Такое глубоко потрясающее впечатлѣніе встрѣтило съѣхавшихся во Дворецъ къ слушанію литургіи въ день Богоявленія Господня. Тутъ разнеслось извѣстіе, что въ ночь скоропостижно скончался князь Василій Андреевичъ Долгоруковъ. Изумленіе и скорбь были всеобщія. Князь принадлежалъ къ малому числу набранныхъ, которые умѣли снискать и заслужить любовь и уваженіе всѣхъ знавшихъ его. А знали его всѣ. Кто по личнымъ и короткимъ сношеніямъ съ нимъ, кто по служебнымъ и оффиціальнымъ, кто по общей молвѣ, которая можетъ временно ошибаться въ частностяхъ и скорыхъ своихъ оцѣнкахъ людей и событій, но которой окончательный приговоръ всегда утверждается на судѣ безпристрастномъ и правомъ. Человѣка болѣе благороднаго, болѣе честнаго и благонамѣреннаго найдти было невозможно. Въ этомъ отношеніи смерть его есть утрата общественная и государственная. Въ послѣдніе годы, послѣ долголѣтней дѣятельности въ высшихъ слояхъ управленія, онъ уже не занималъ мѣста, связаннаго съ непрерывными занятіями на высотахъ государственнаго поприща. Но самое присутствіе его въ обществѣ, въ государственномъ совѣтѣ, особенно при лицѣ Государя, который отличалъ его испытанною на дѣлѣ и высокою довѣренностію и, можно сказать, сердечною пріязнью, все это придавало личности и жизни его особенное и благотворное значеніе. Нравственное вліяніе человѣка благодушнаго не всегда можетъ быть исчислено и измѣрено видимыми послѣдствіями и, такъ сказать, приведено въ наличный итогъ. Но не менѣе того какимъ-то внутреннимъ и вѣрнымъ сознаніемъ оно чувствуется и зарождаетъ въ душѣ успокоительное и отрадное впечатлѣніе. Присутствіе подобныхъ людей при Дворѣ есть благое знаменіе, по которому и со стороны можно угадывать состояніе господствую-щей атмосферы.
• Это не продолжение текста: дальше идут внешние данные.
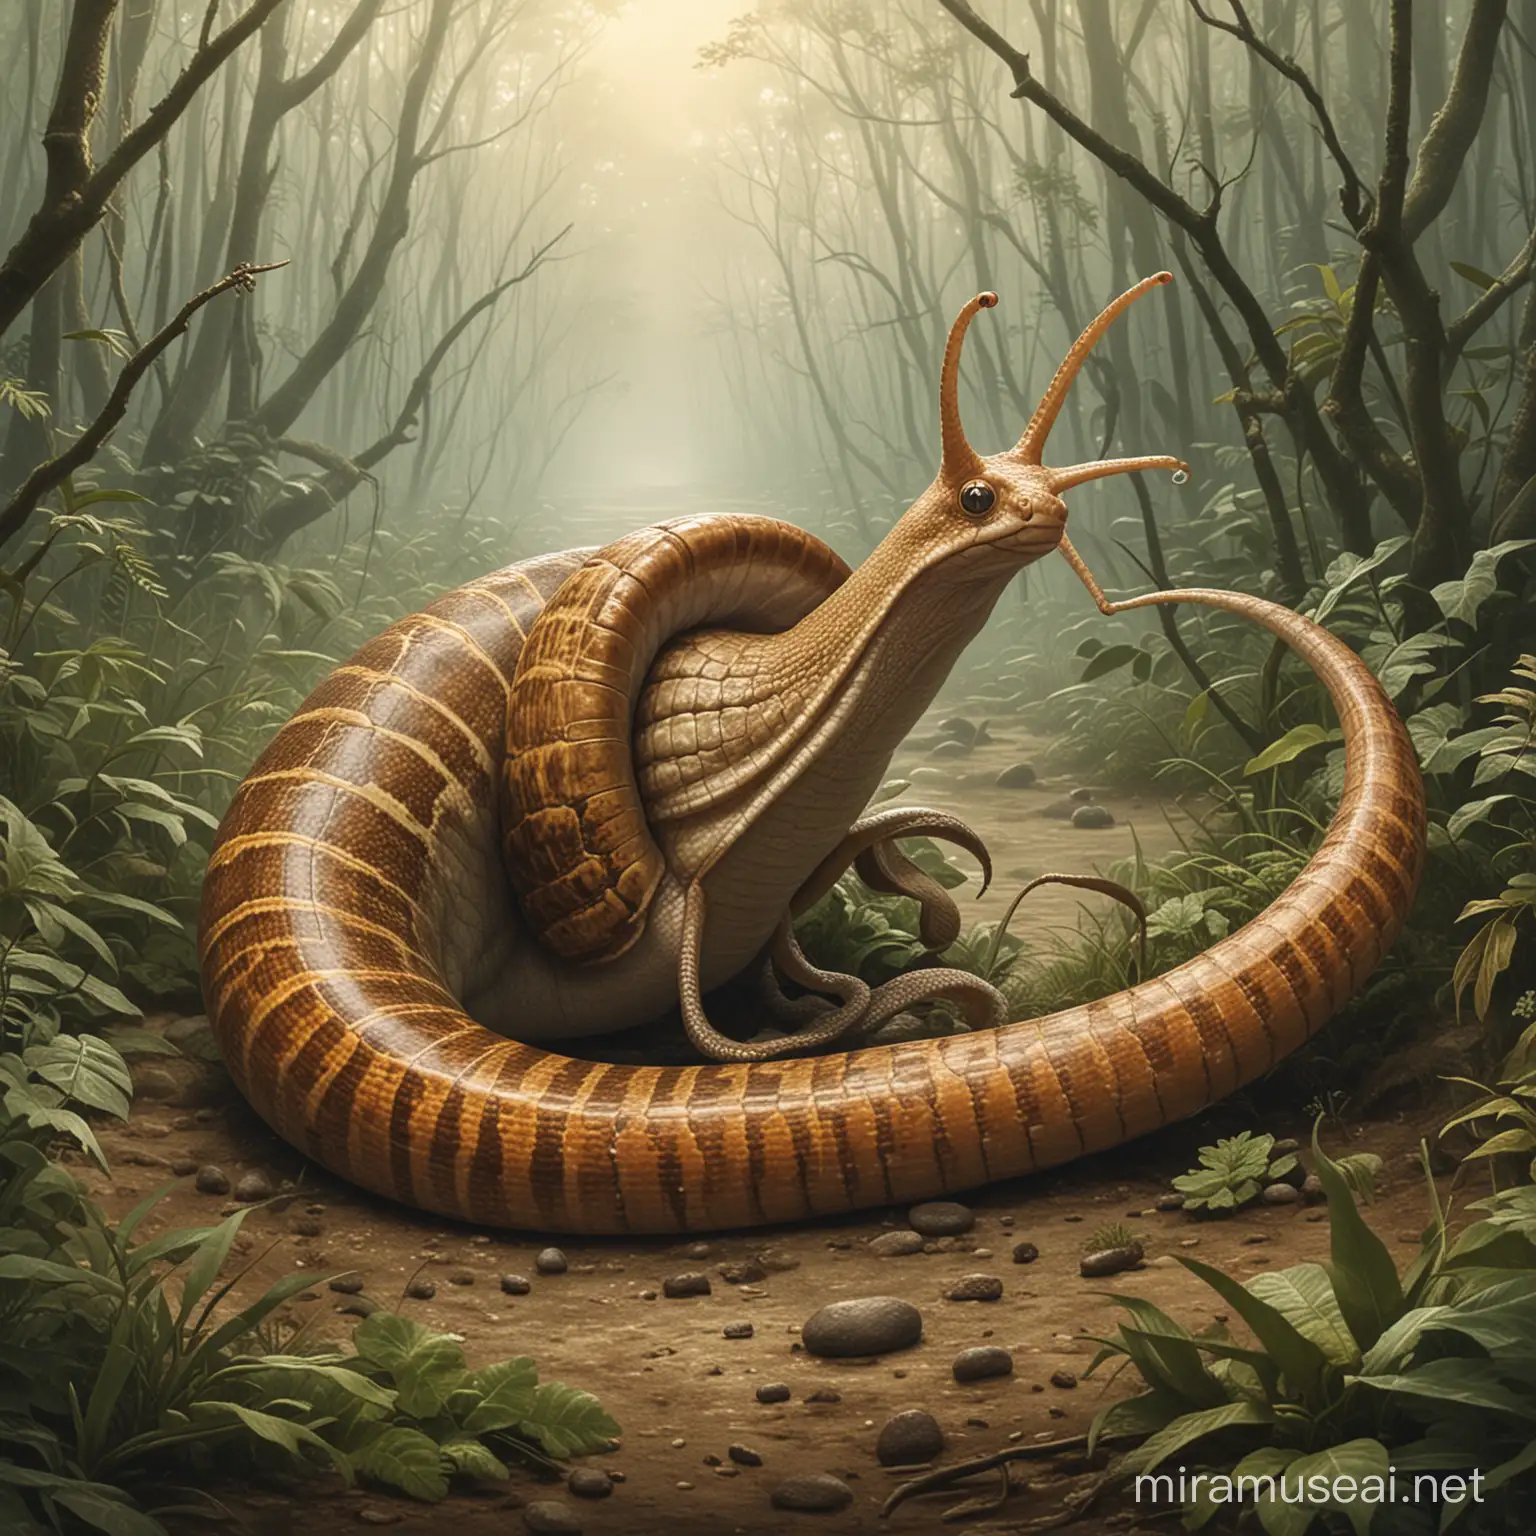 Hinh minh họa của một sinh vật trong truyện tên là  "Ốc đuôi rắn"

Этому знаменію вѣруешь и радуешься.
О заслугахъ государственныхъ дѣятелей современники не всегда вѣрные судьи: именно потому, что они смотрятъ на нихъ вблизи. Судъ надъ ними для безошибочности своей требуетъ нѣкоторой отдаленности отъ мѣста дѣйствія, требуетъ совершенія нѣсколькихъ законныхъ давностей, которыя переходятъ въ область исторіи и потомства. Этотъ судъ похожъ на судъ присяжныхъ, которые съ мѣста преній и битвы удаляются въ особое отдѣленіе: тамъ, сосредоточившись въ тишинѣ совѣсти, они произносятъ свой окончательный и рѣшительный приговоръ. Современные приговоры часто сбиваются на неосновательные слухи, на догадки, на пристрастныя предубѣжденія, которые приводили въ ошибочнымъ заключеніямъ.
Оффиціальная государственная жизнь князя Долгорукова не подлежитъ, въ этой статьѣ, ни нашей повѣркѣ, ни нашему суду. Мы до нея только мимоходомъ и коснемся. Но въ каждомъ оффищіальномъ лицѣ есть еще другое лицо -- самобытное, такъ сказать, перворожденное. Это послѣднее проглядываетъ сквозь внѣшнюю оффиціальную обстановку. О немъ съ полнымъ правомъ могутъ судить современники. Ихъ сужденіемъ пополняется и олицетворяется тотъ образъ, который позднѣе выставляется предъ глаза исторіи.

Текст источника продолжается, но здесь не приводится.